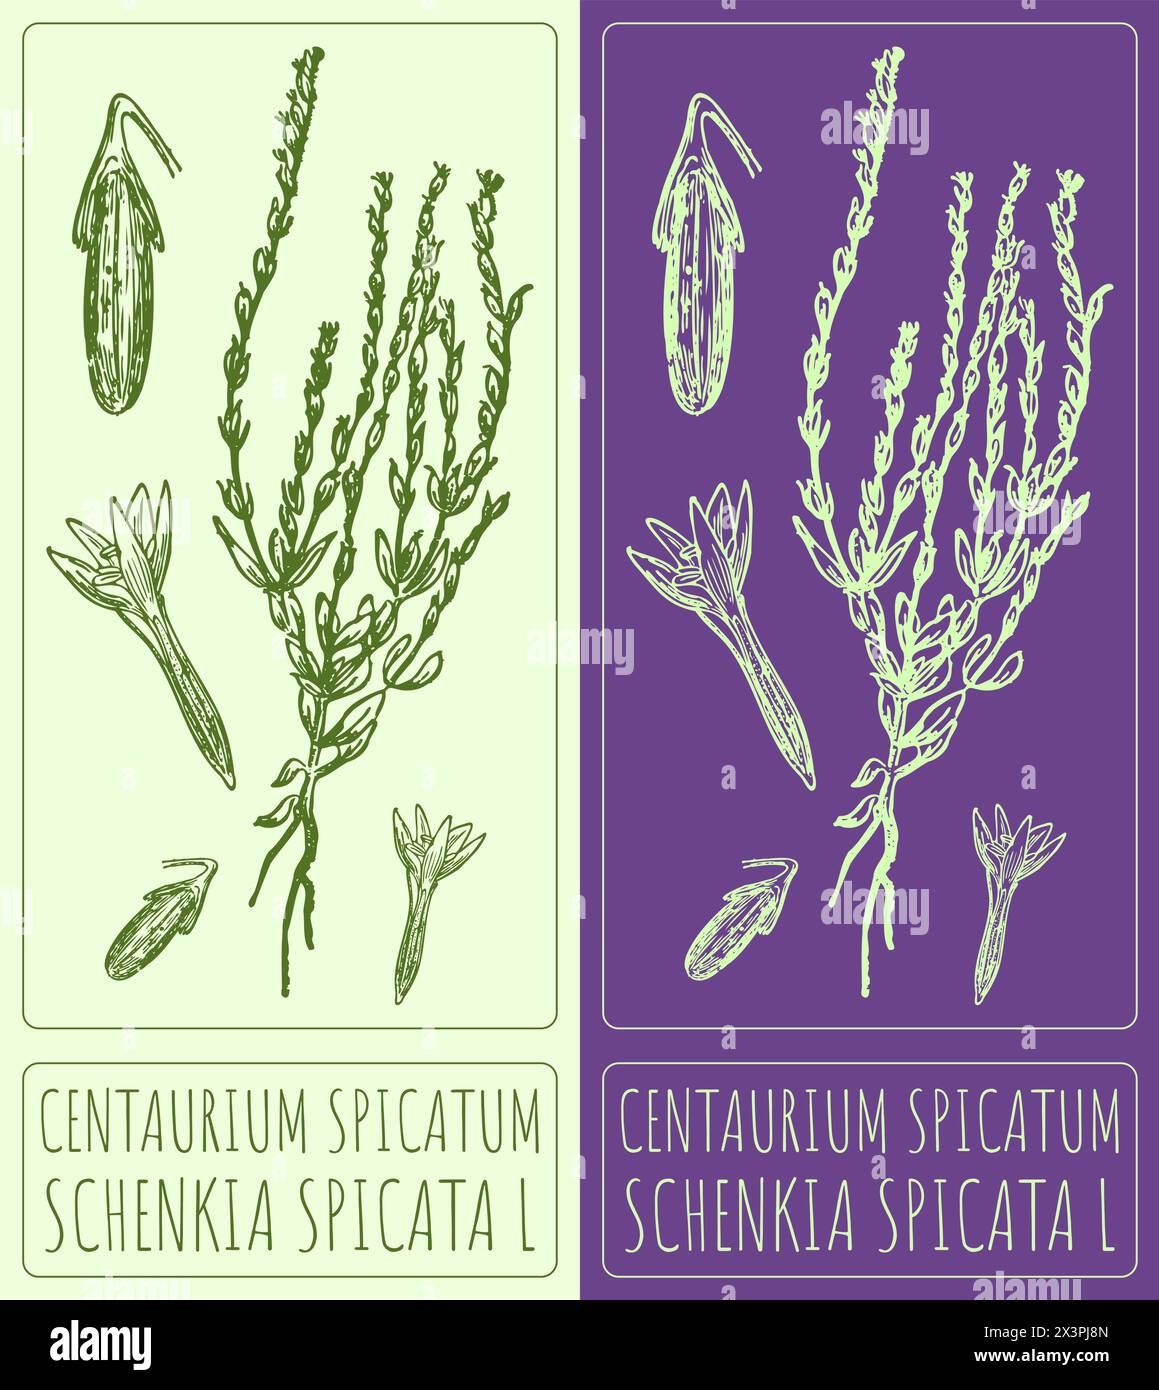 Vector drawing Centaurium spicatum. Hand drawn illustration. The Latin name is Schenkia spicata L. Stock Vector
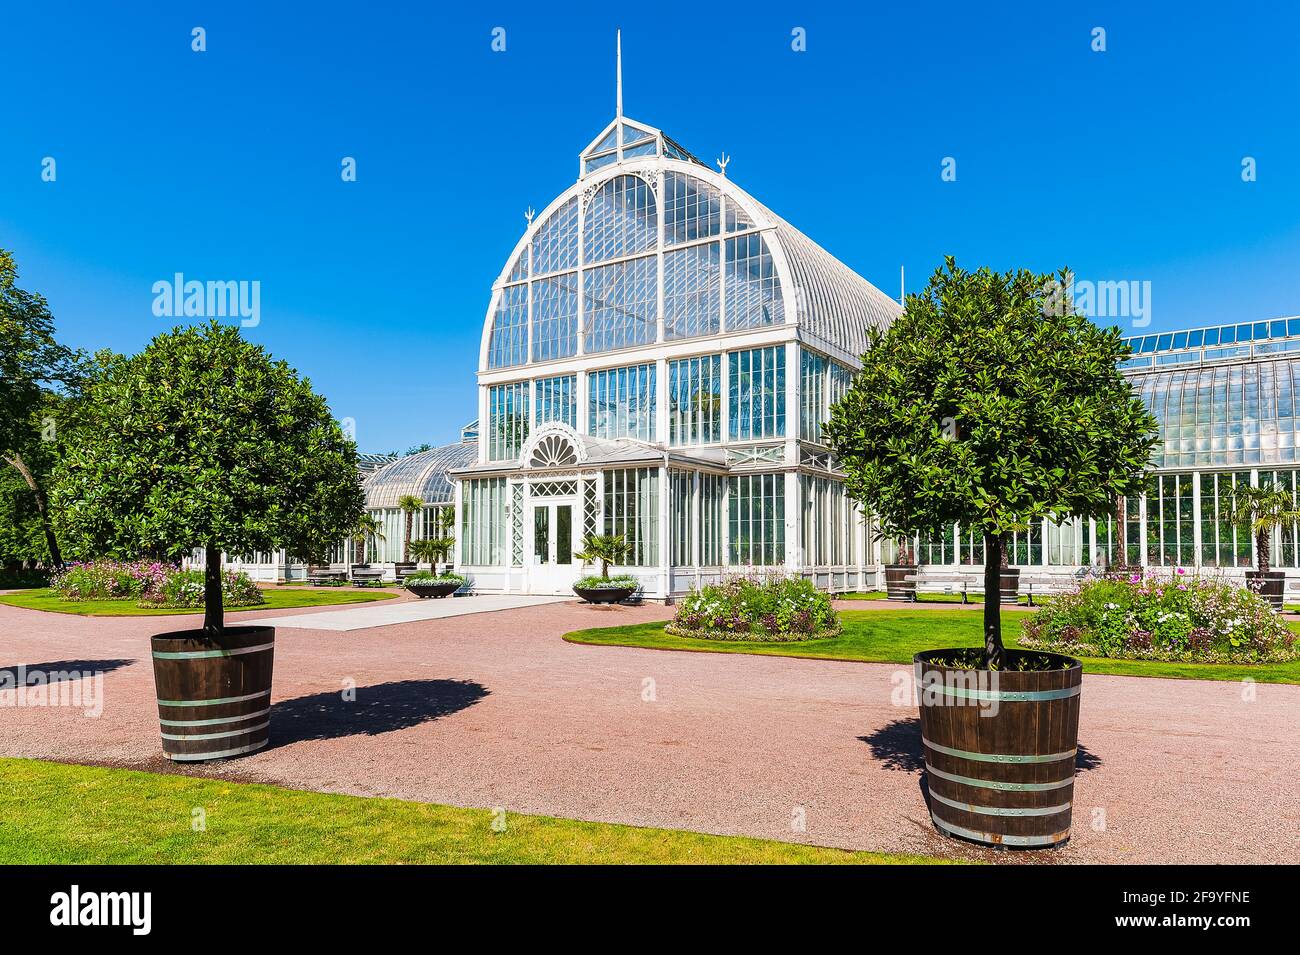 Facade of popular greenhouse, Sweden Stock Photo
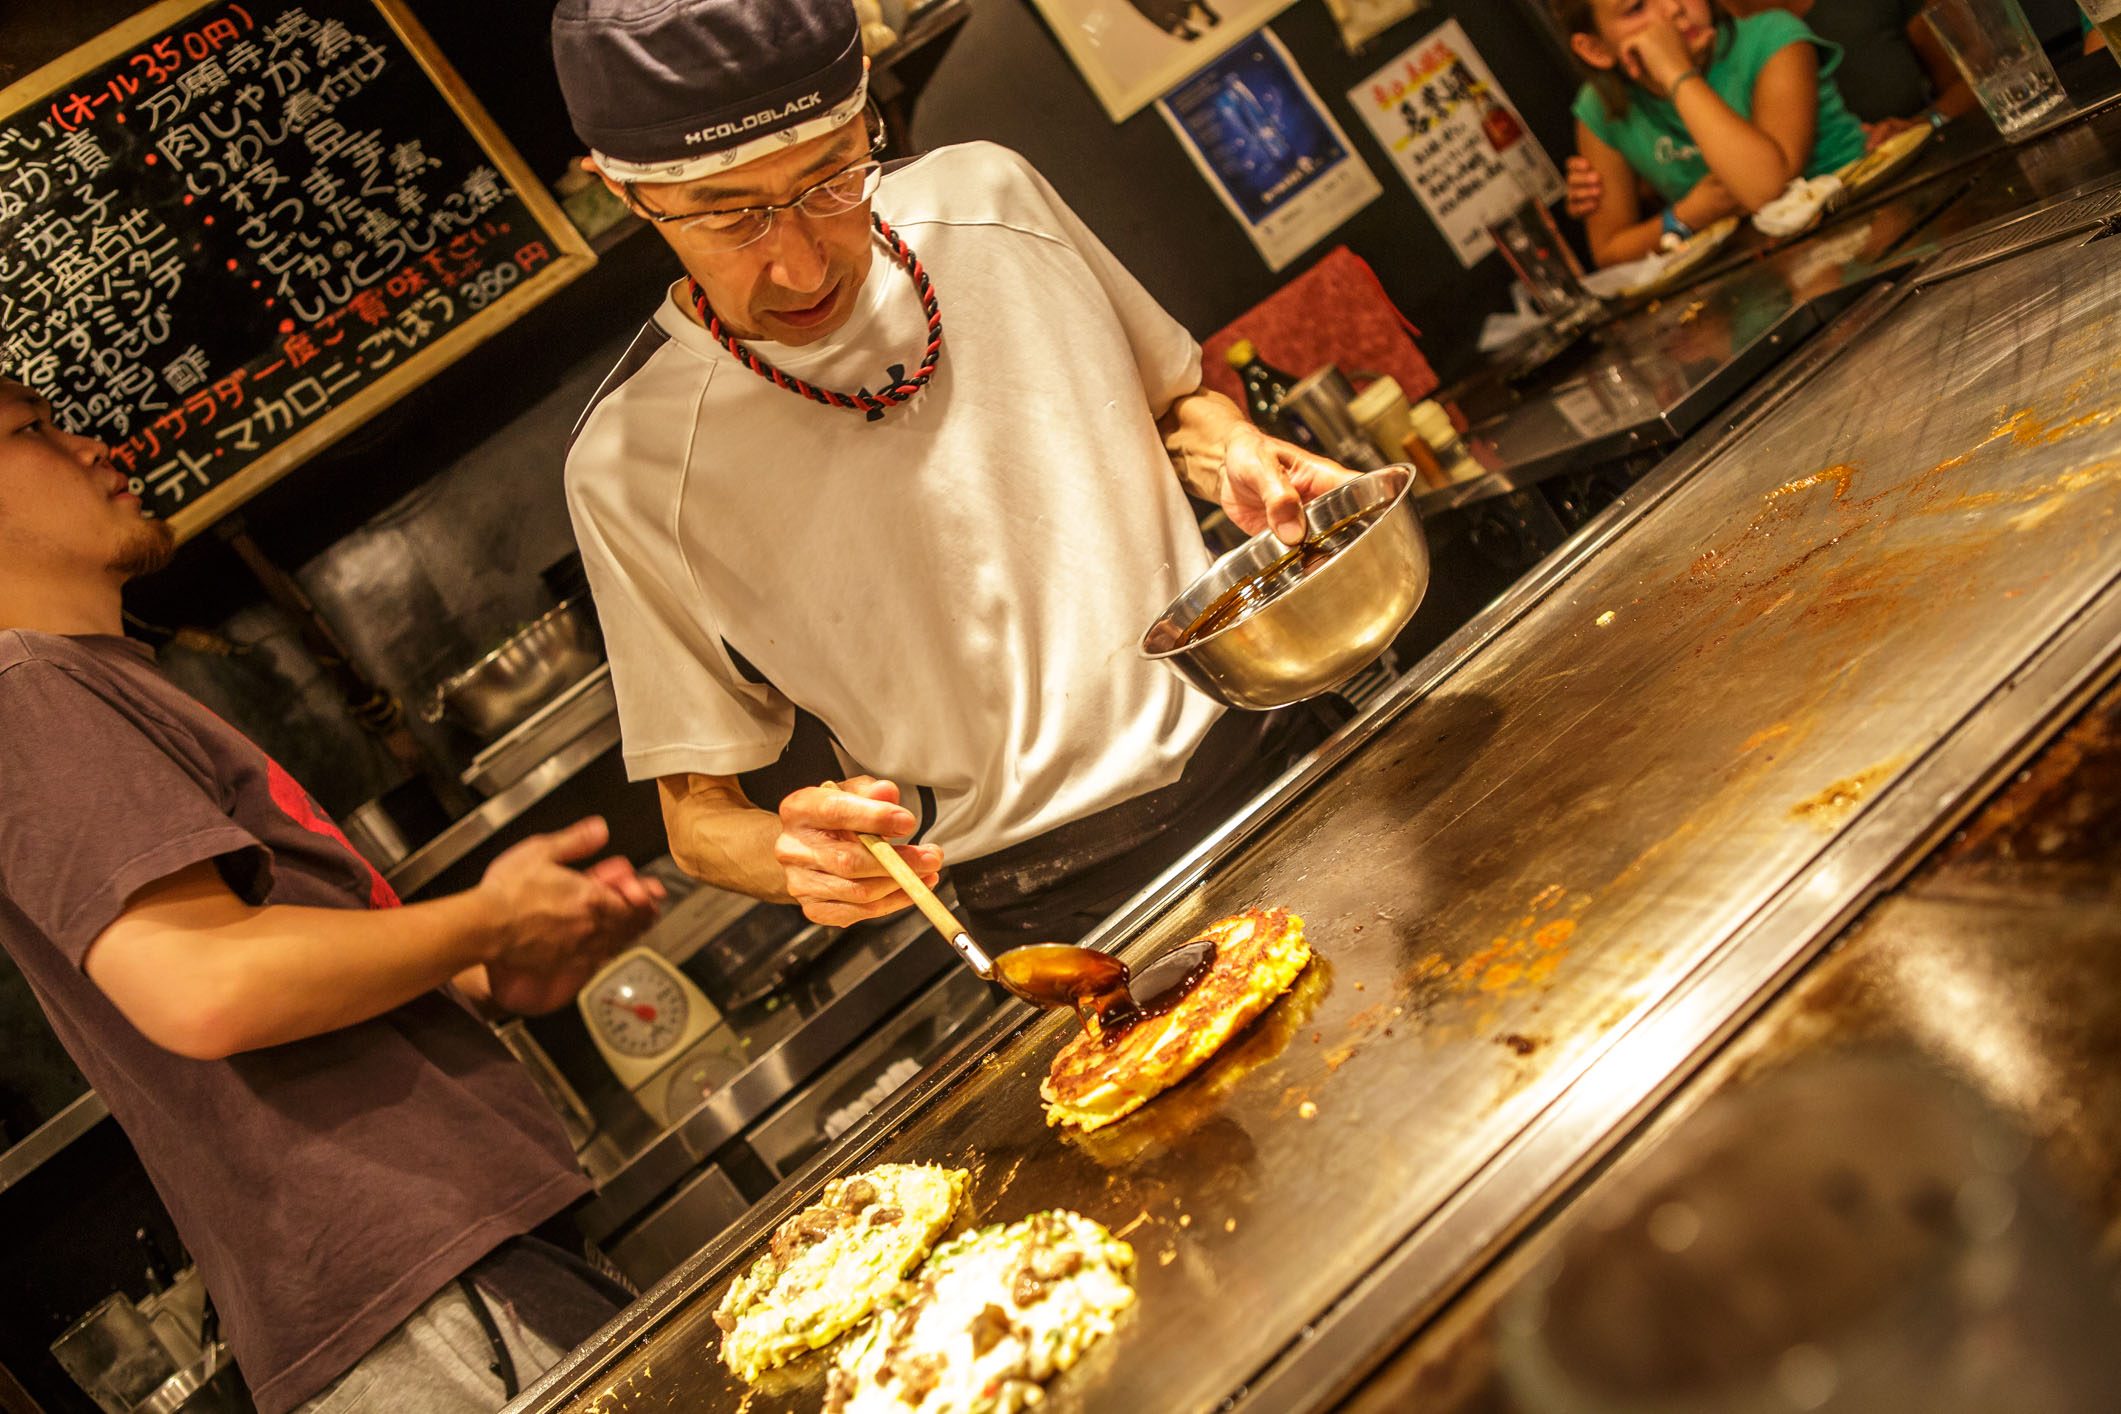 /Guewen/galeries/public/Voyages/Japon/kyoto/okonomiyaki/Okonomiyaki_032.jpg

TASK GOAL
Give back the listing word for word, minus its images.

FINISHED EXERCISE
 Vector drawing Centaurium spicatum. Hand drawn illustration. The Latin name is Schenkia spicata L. Stock Vector
 Facade of popular greenhouse, Sweden Stock Photo
 /Guewen/galeries/public/Voyages/Japon/kyoto/okonomiyaki/Okonomiyaki_032.jpg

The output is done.